**How to complete this task**
For the listing below, the answer is an exact retyping of the lines from the one with "Political rally emphasizing" through the one with "Printed-mesh dress with cut-out neckline", both included, without pictures.

#### Given records ####

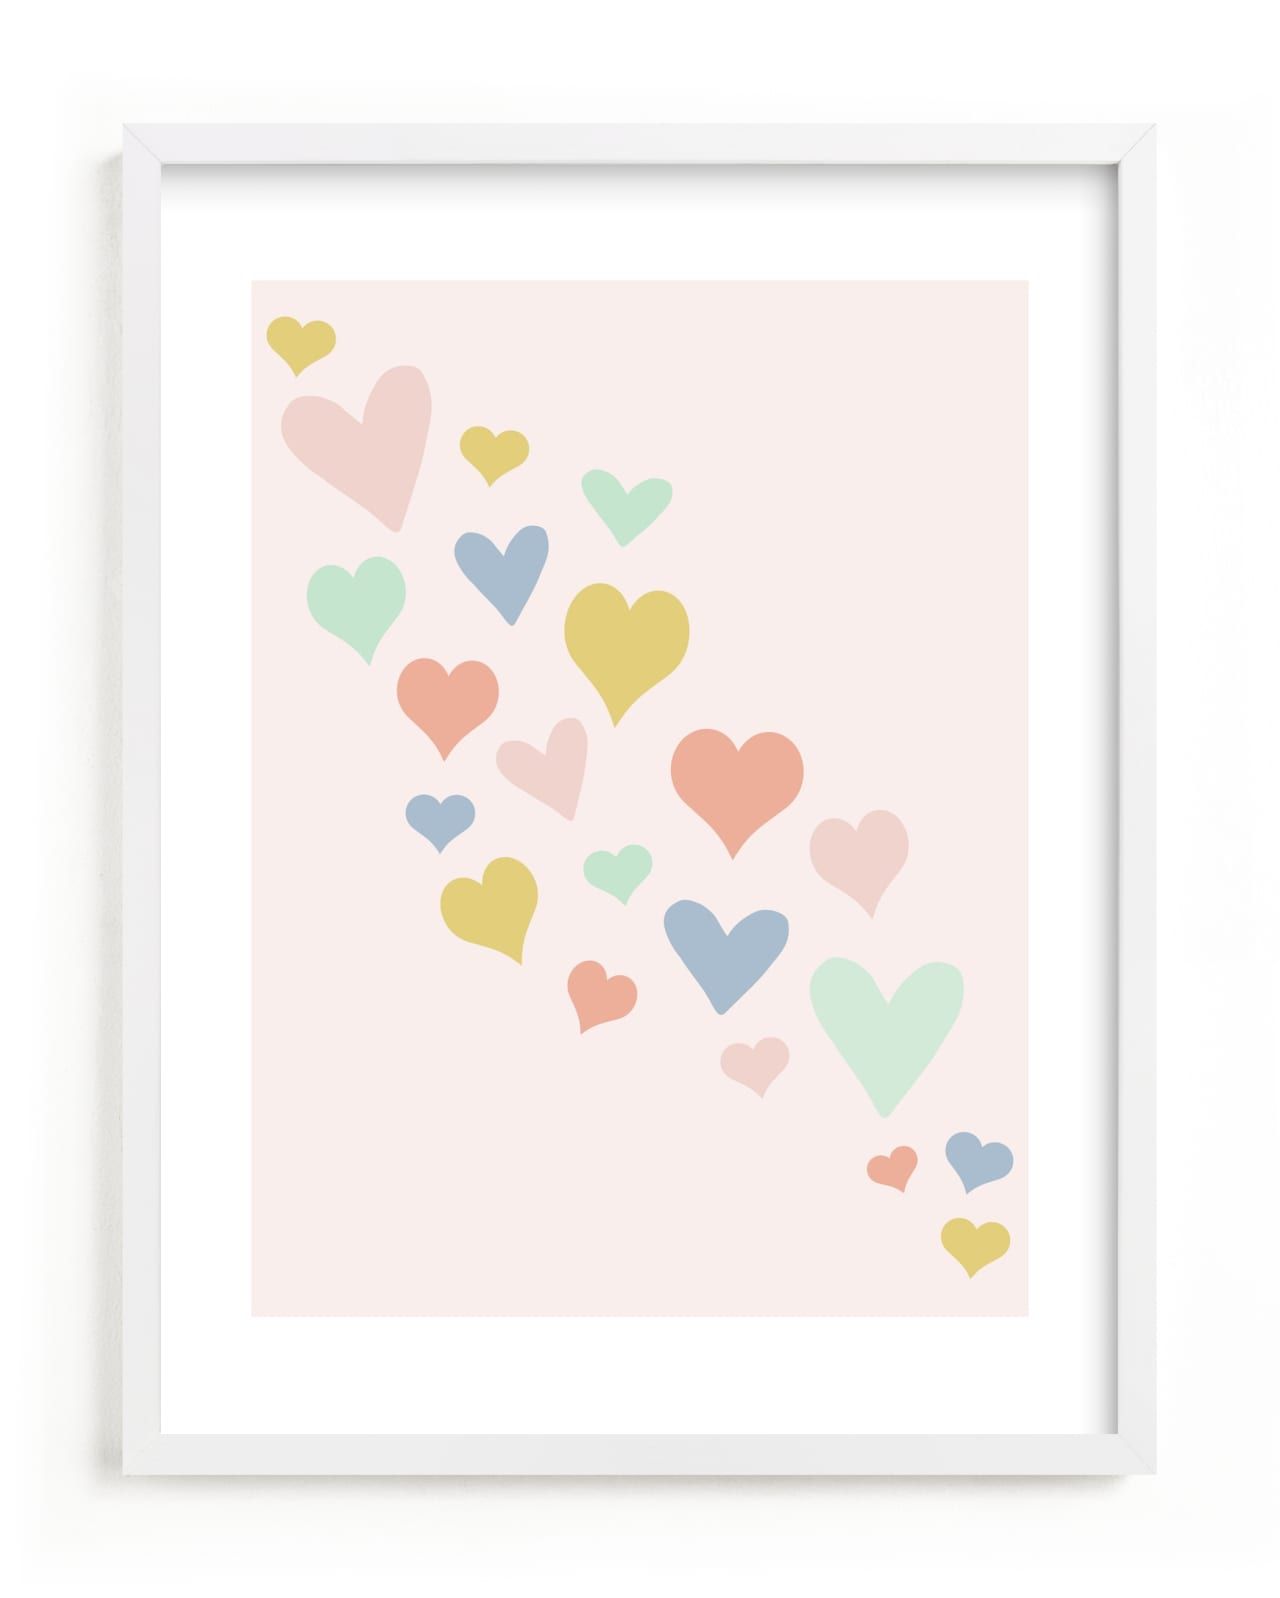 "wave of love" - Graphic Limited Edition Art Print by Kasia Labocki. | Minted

####
#### Given records ####

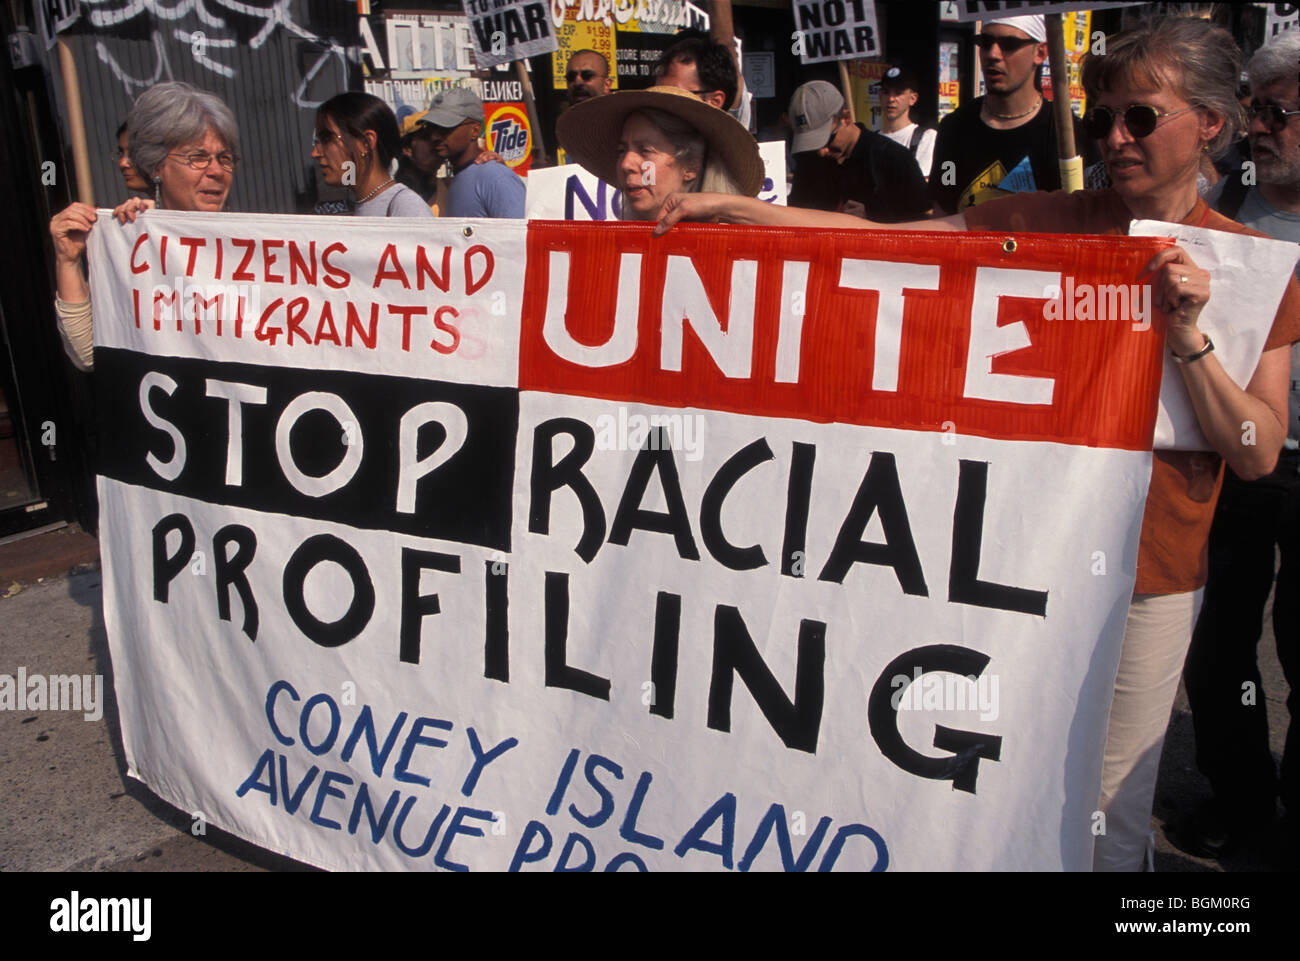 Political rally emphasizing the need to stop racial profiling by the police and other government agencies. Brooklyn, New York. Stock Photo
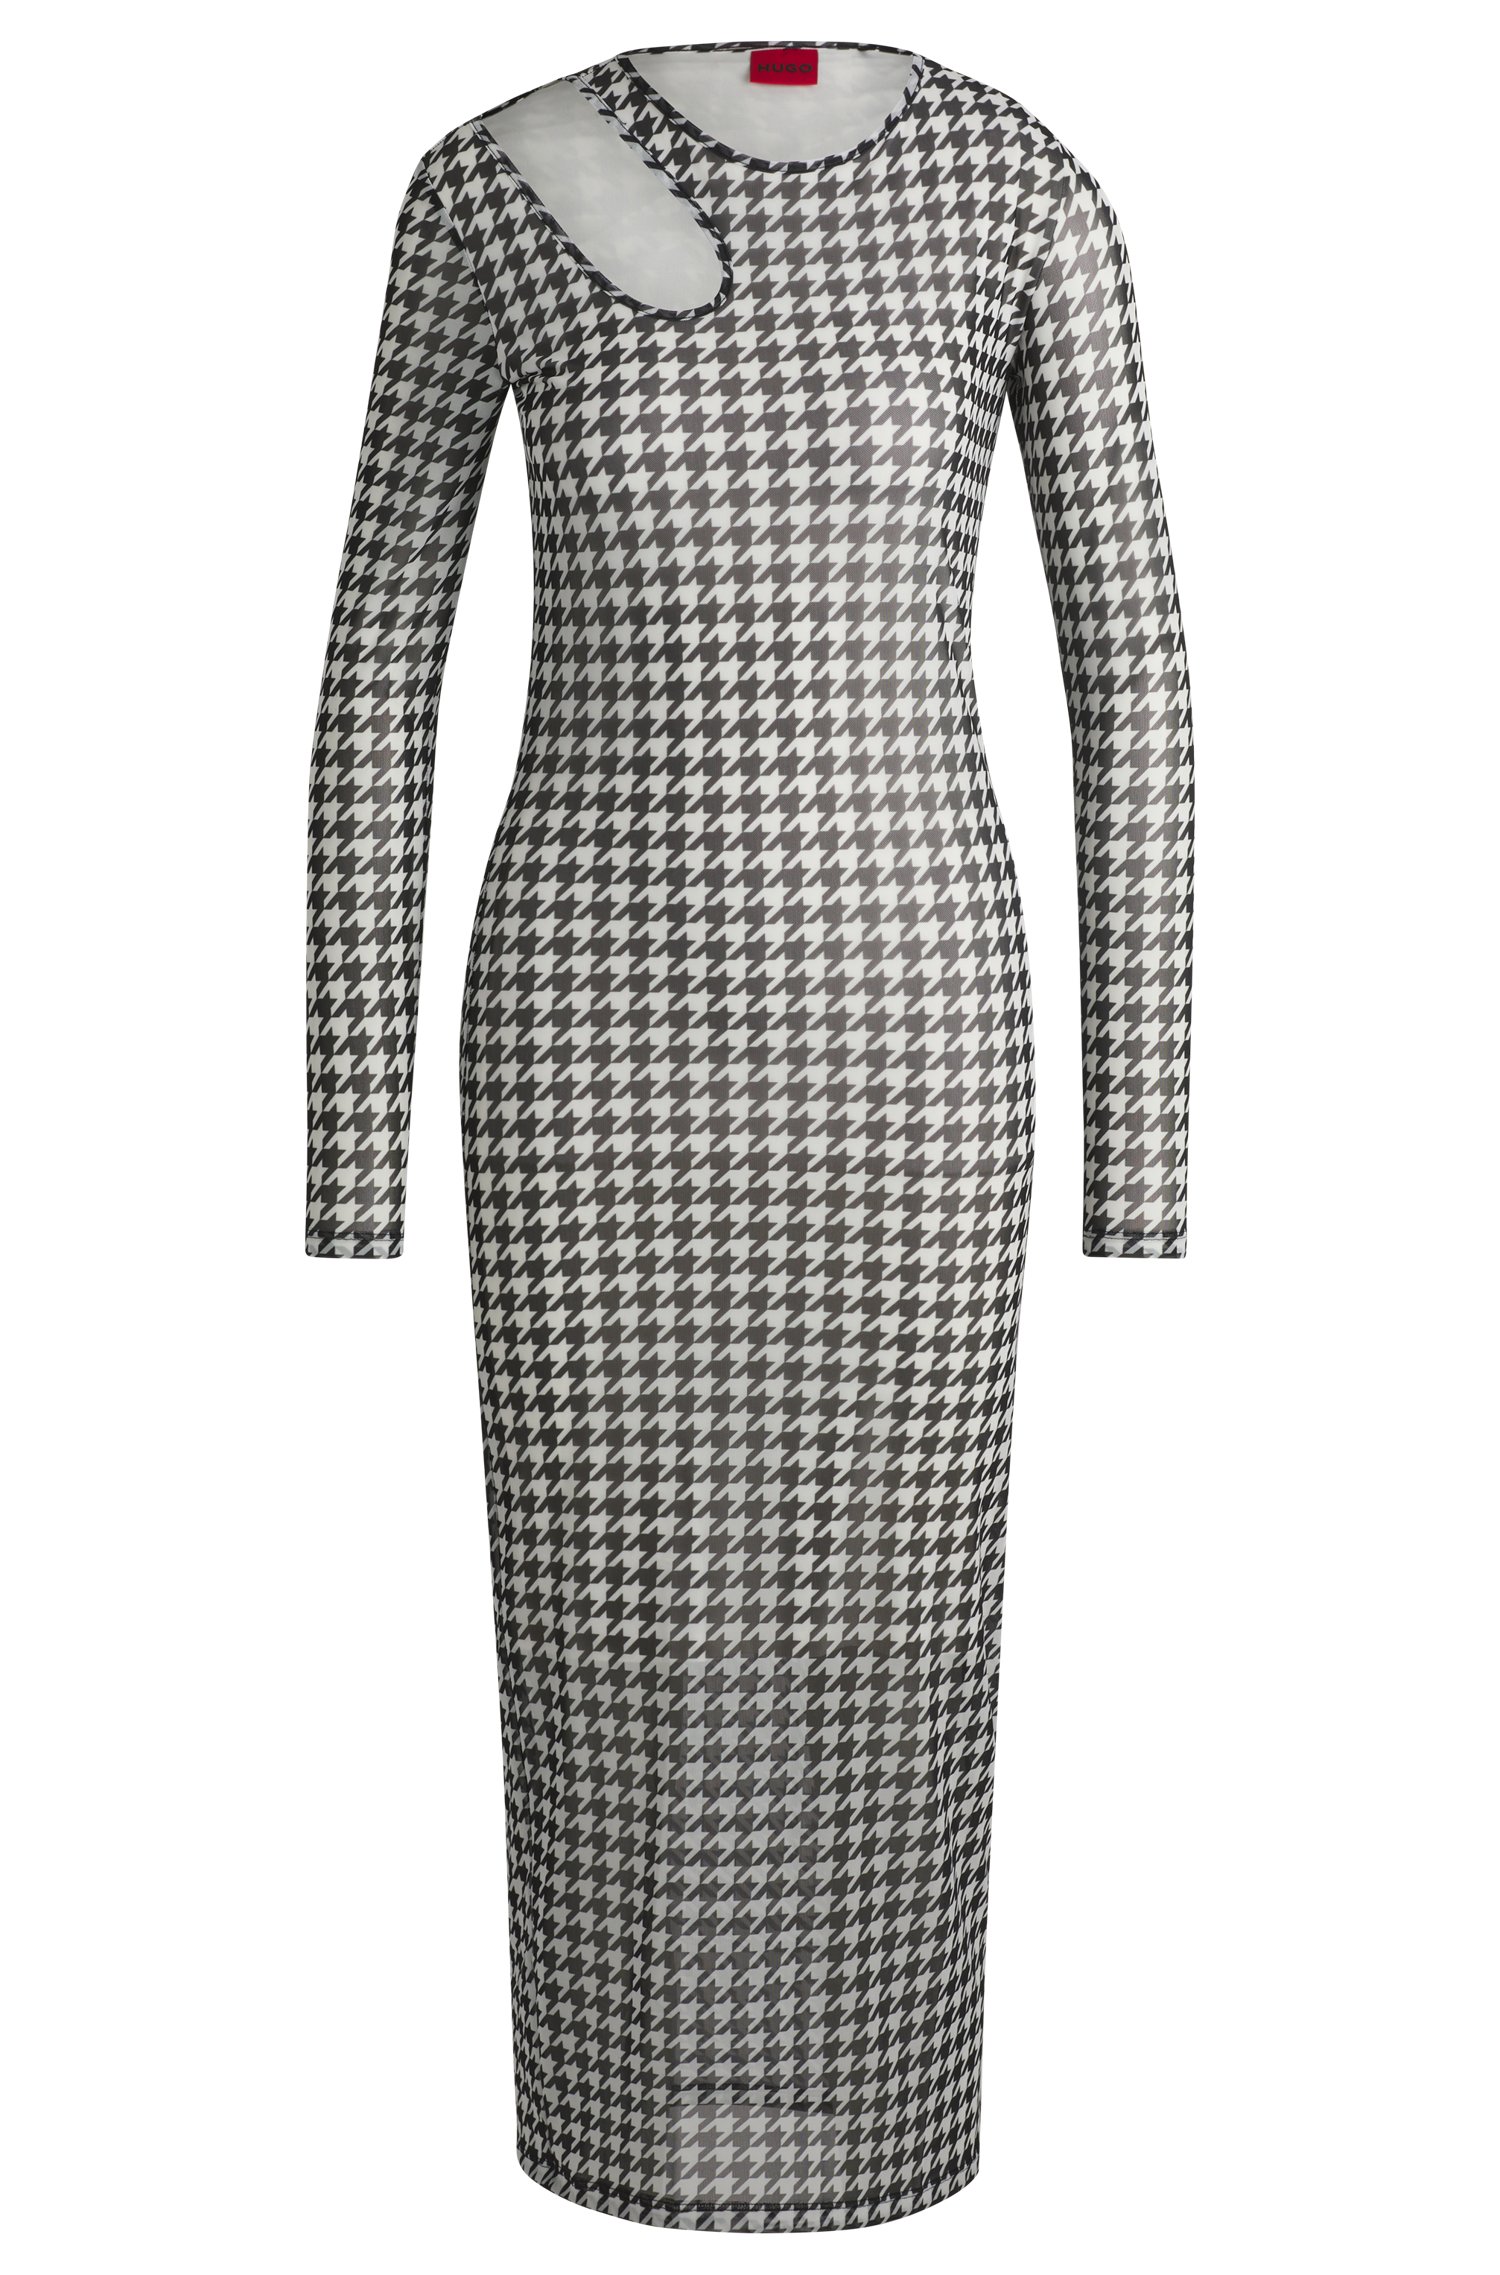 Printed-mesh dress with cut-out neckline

####
#### Given records ####

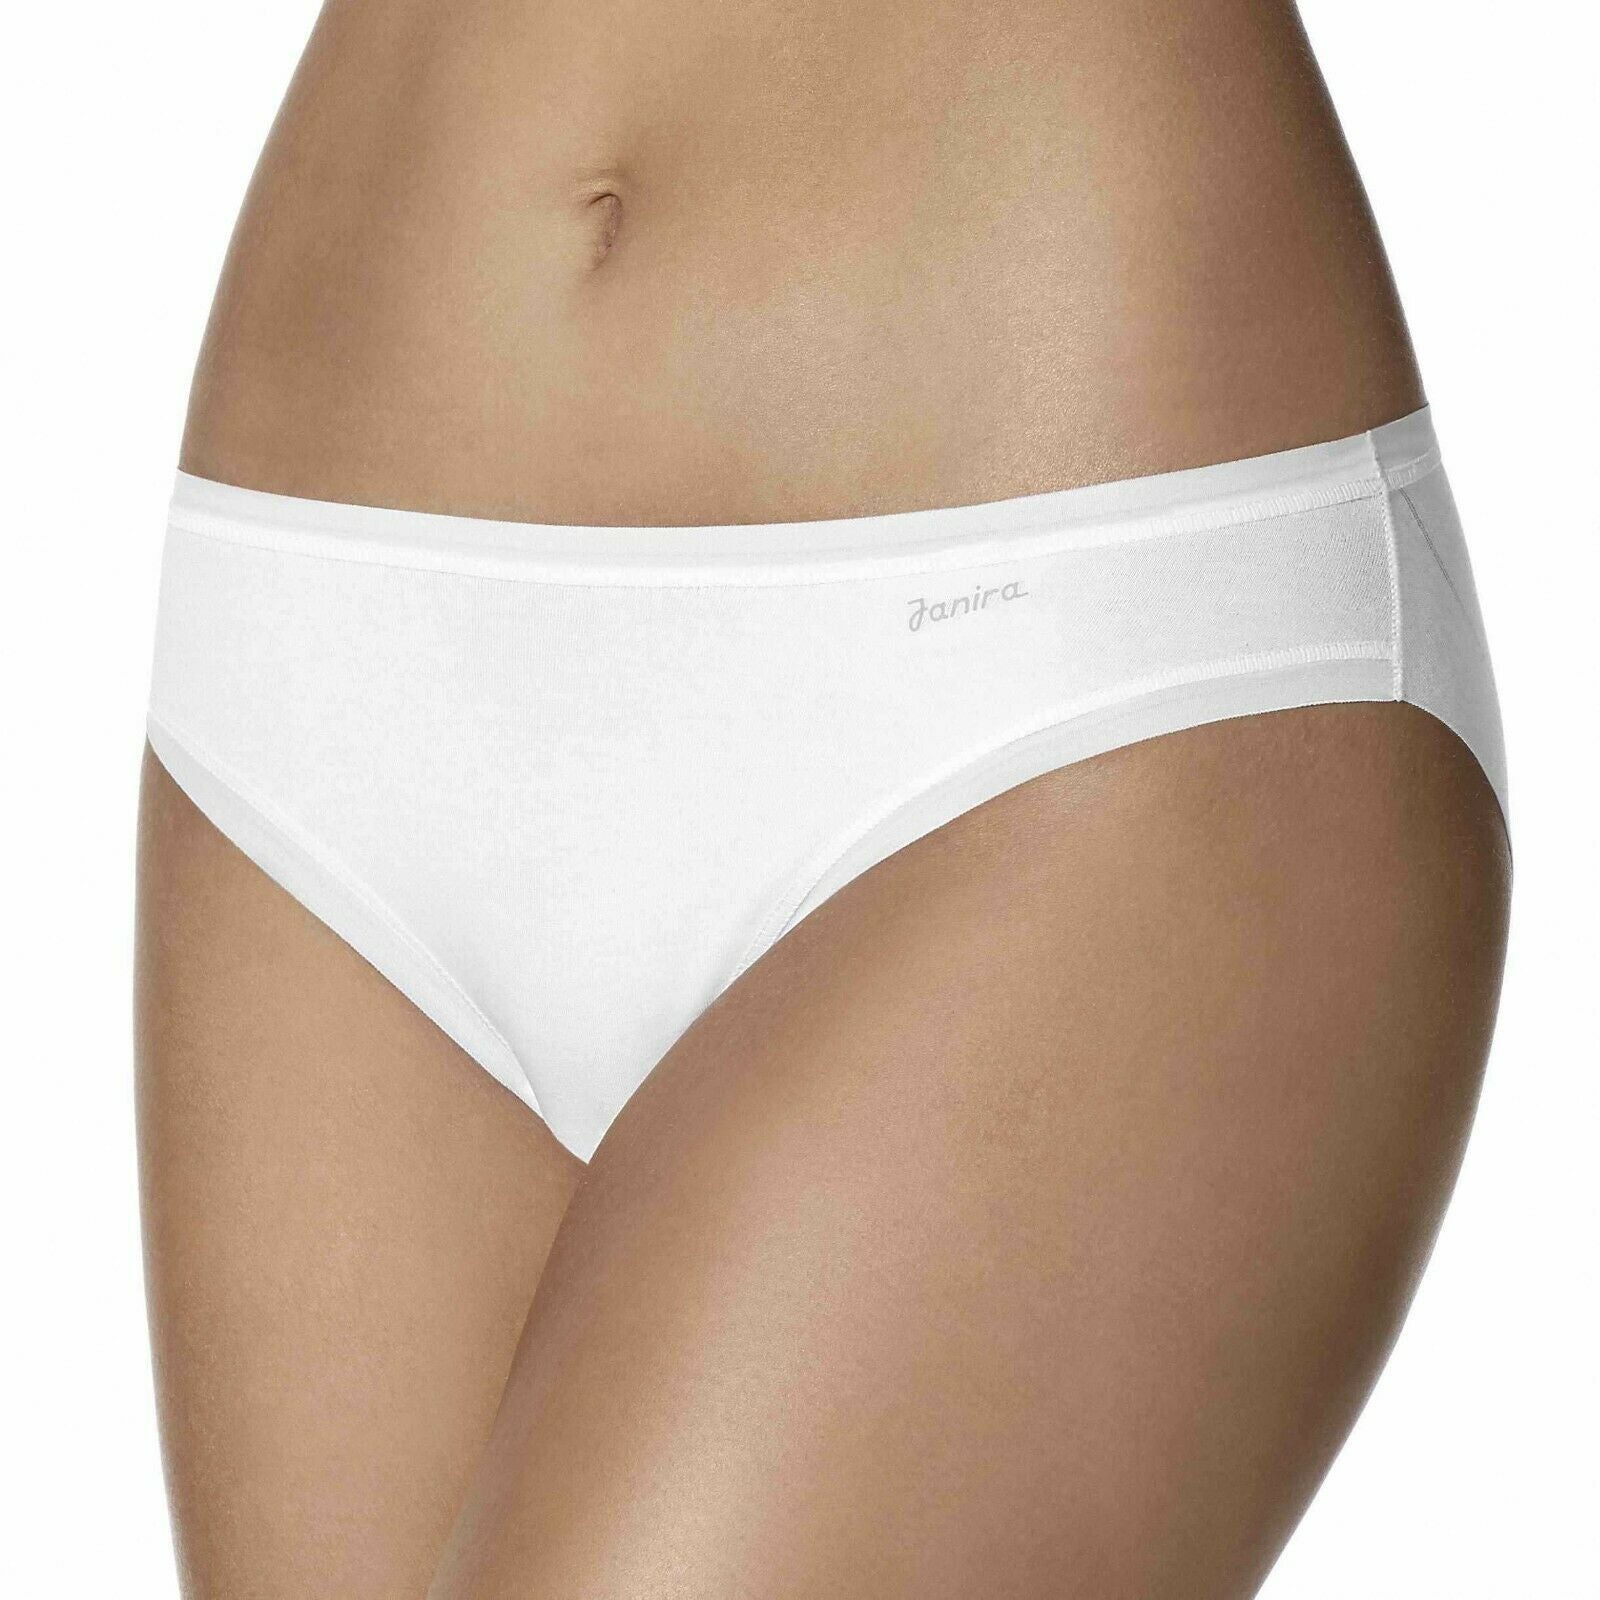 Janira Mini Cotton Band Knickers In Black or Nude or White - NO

####

**Response below**
 Political rally emphasizing the need to stop racial profiling by the police and other government agencies. Brooklyn, New York. Stock Photo
 Printed-mesh dress with cut-out neckline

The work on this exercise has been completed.